With the function written, we can pipe it into execution. Now, before anyone complains about my for loop, I will tell you that from the violence of historical web-scraping, the loop is advantageous over base::lapply or purrr::map in only one respect: if it fails, you easily keep your progress. Yes, purrr trickery can save you, but this is so much easier…I also like the facility with which I can add a “counter” to check progress (I deleted it so it wouldn’t show on the post).

# get data

hist_data <- list()

for(i in seq_along(links)){
  hist_data[[i]] <- yppDiff(links[i])
}

# drop na & bind rows

hist_clean <- hist_data[!is.na(hist_data)] %>% 
  bind_rows() %>% 
  as_tibble()

Now, you’ll no doubt already know, but your author is lazy.
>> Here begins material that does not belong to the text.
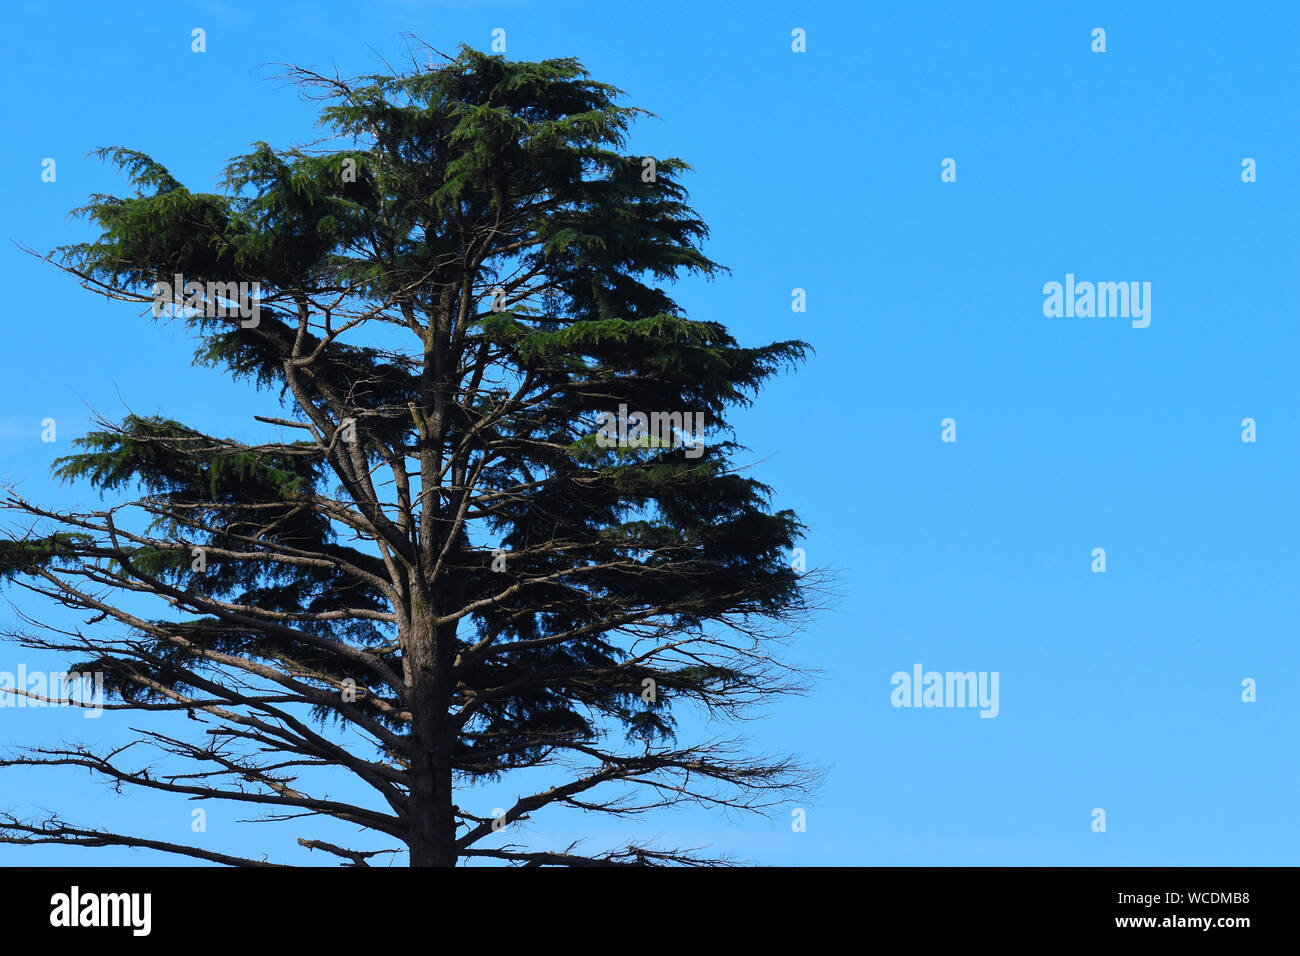 The Deodar Cedar tree against a blue sky. Stock Photo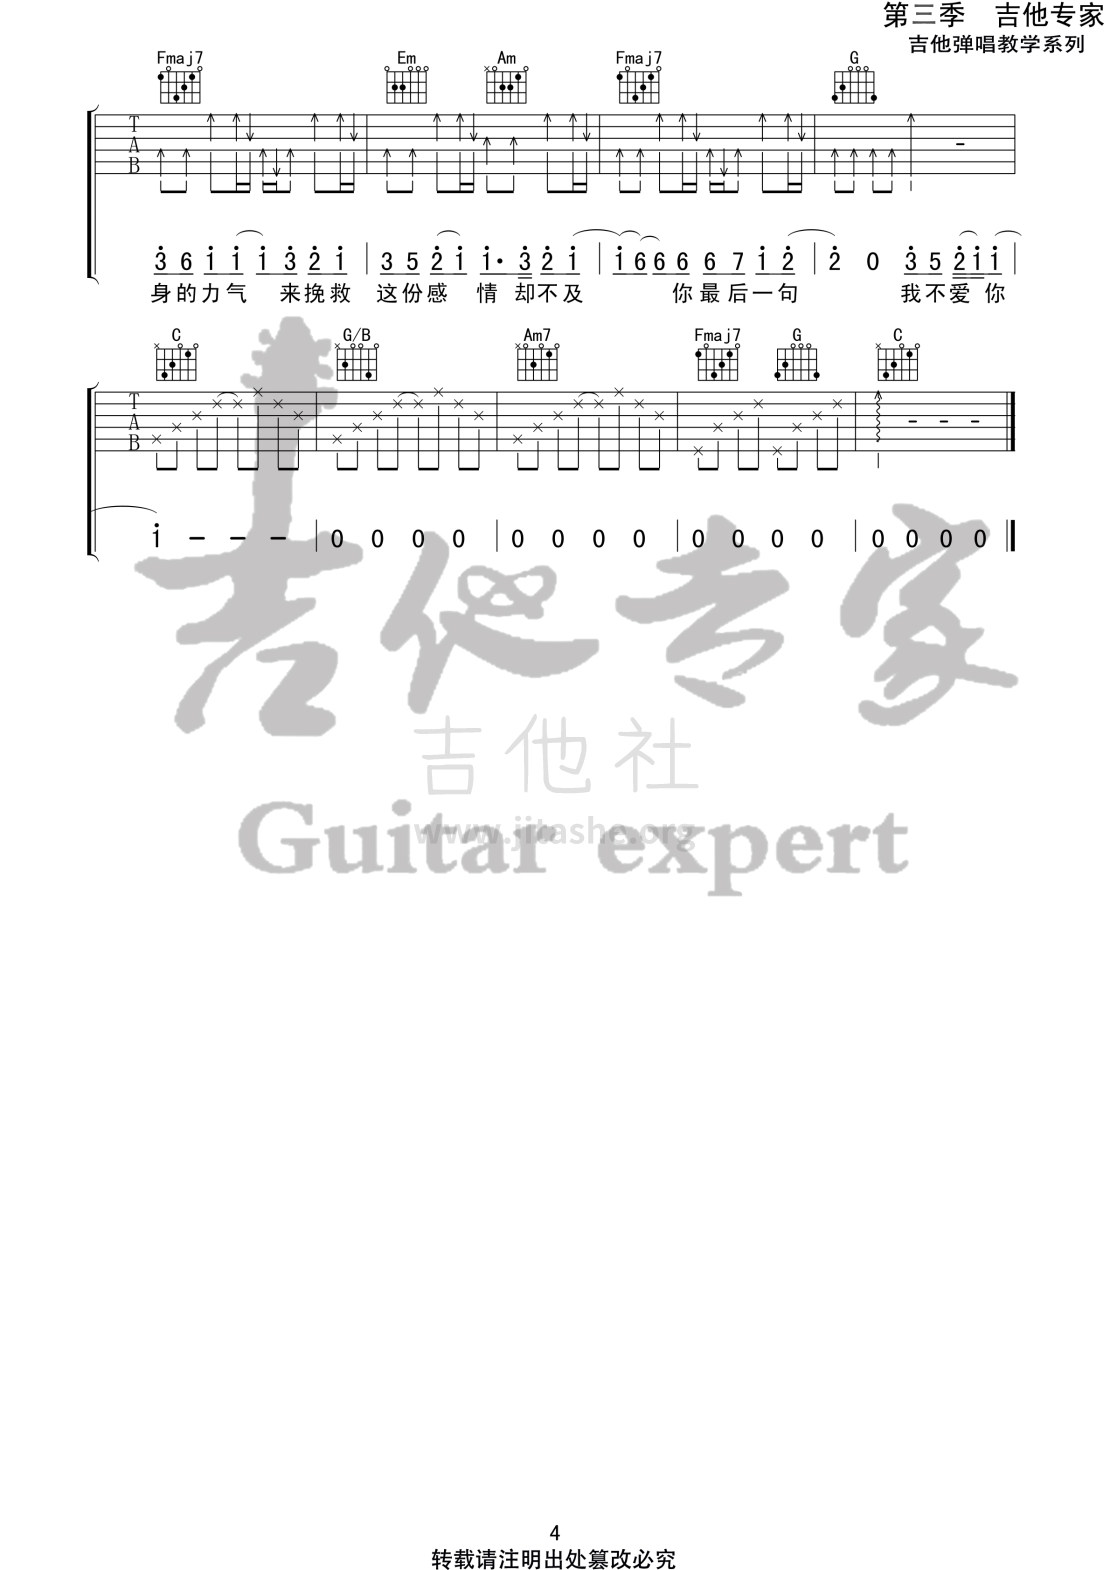 打印:最 (音艺吉他专家弹唱教学:第三季第16集)吉他谱_刘大壮_最4 第三季第十六集.jpg

Thus, I needed a quick mapping from the teams’ url abbreviations to human names. Thus the following chunk.

# now get team mapping

team_links <- links[grepl("2019", links)]

team_name <- possibly(
  function(link) {
    team_pg <- read_html(link)
    name <- team_pg %>% 
      html_nodes("h1") %>% 
      html_text() %>% 
      str_remove_all("\n|\\s{3,}|\\d{4,}|Statistics & Players")
    
    df_out <- tibble(
      abbr = str_extract(link, "(?<=teams\\/).+?(?=\\/)"),
      name = name
    )
    
  },
  otherwise = NA_character_
)

team_lookup <- map_dfr(team_links, team_name)

YPP FTW

Now all the pieces can come together. We can positively determine the best teams of the past 30 years!

# find best ypp diff

ypp_rank <- hist_clean %>% 
  filter(player %in% c("Team Stats", "Opp. Stats"),
         year != "2019") %>% 
  select(team, year, player, ypp) %>% 
  pivot_wider(
    names_from = "player", 
    values_from = "ypp", 
    names_repair = "universal"
  ) %>% 
  mutate_at(vars(-team), list(as.numeric)) %>%
  mutate(ypp_diff = Team.Stats - Opp..Stats) %>% 
  arrange(-ypp_diff) %>% 
  slice(1:25) %>% 
  left_join(team_lookup, by = c(team = "abbr")) %>% 
  mutate(ypp_unique = paste0(name, " (", year, ")"))

And let’s plot.

ggplot(ypp_rank, aes(fct_reorder(ypp_unique, ypp_diff), ypp_diff)) +
  geom_col(show.legend = FALSE, aes(fill = team)) +
  coord_flip() +
  scale_y_continuous(expand = c(0,0)) +
  labs(x = "",
       y = "Yards Per Play Differential",
       title = "Best Teams in the Past 30 Years By Yards/Play Differential",
       caption = "Source: verbumdata.netlify.com\npro-football-reference.com")

The 2001 Rams of Kurt " don’t forget Jesus " fame top our list. What a fabulous team. Aaron’s 1996 Green Bay Packers arrive at 22nd on the list. Not too shabby, but not the best. Oh, and, PS, I dropped all 2019 data for sake of small sample.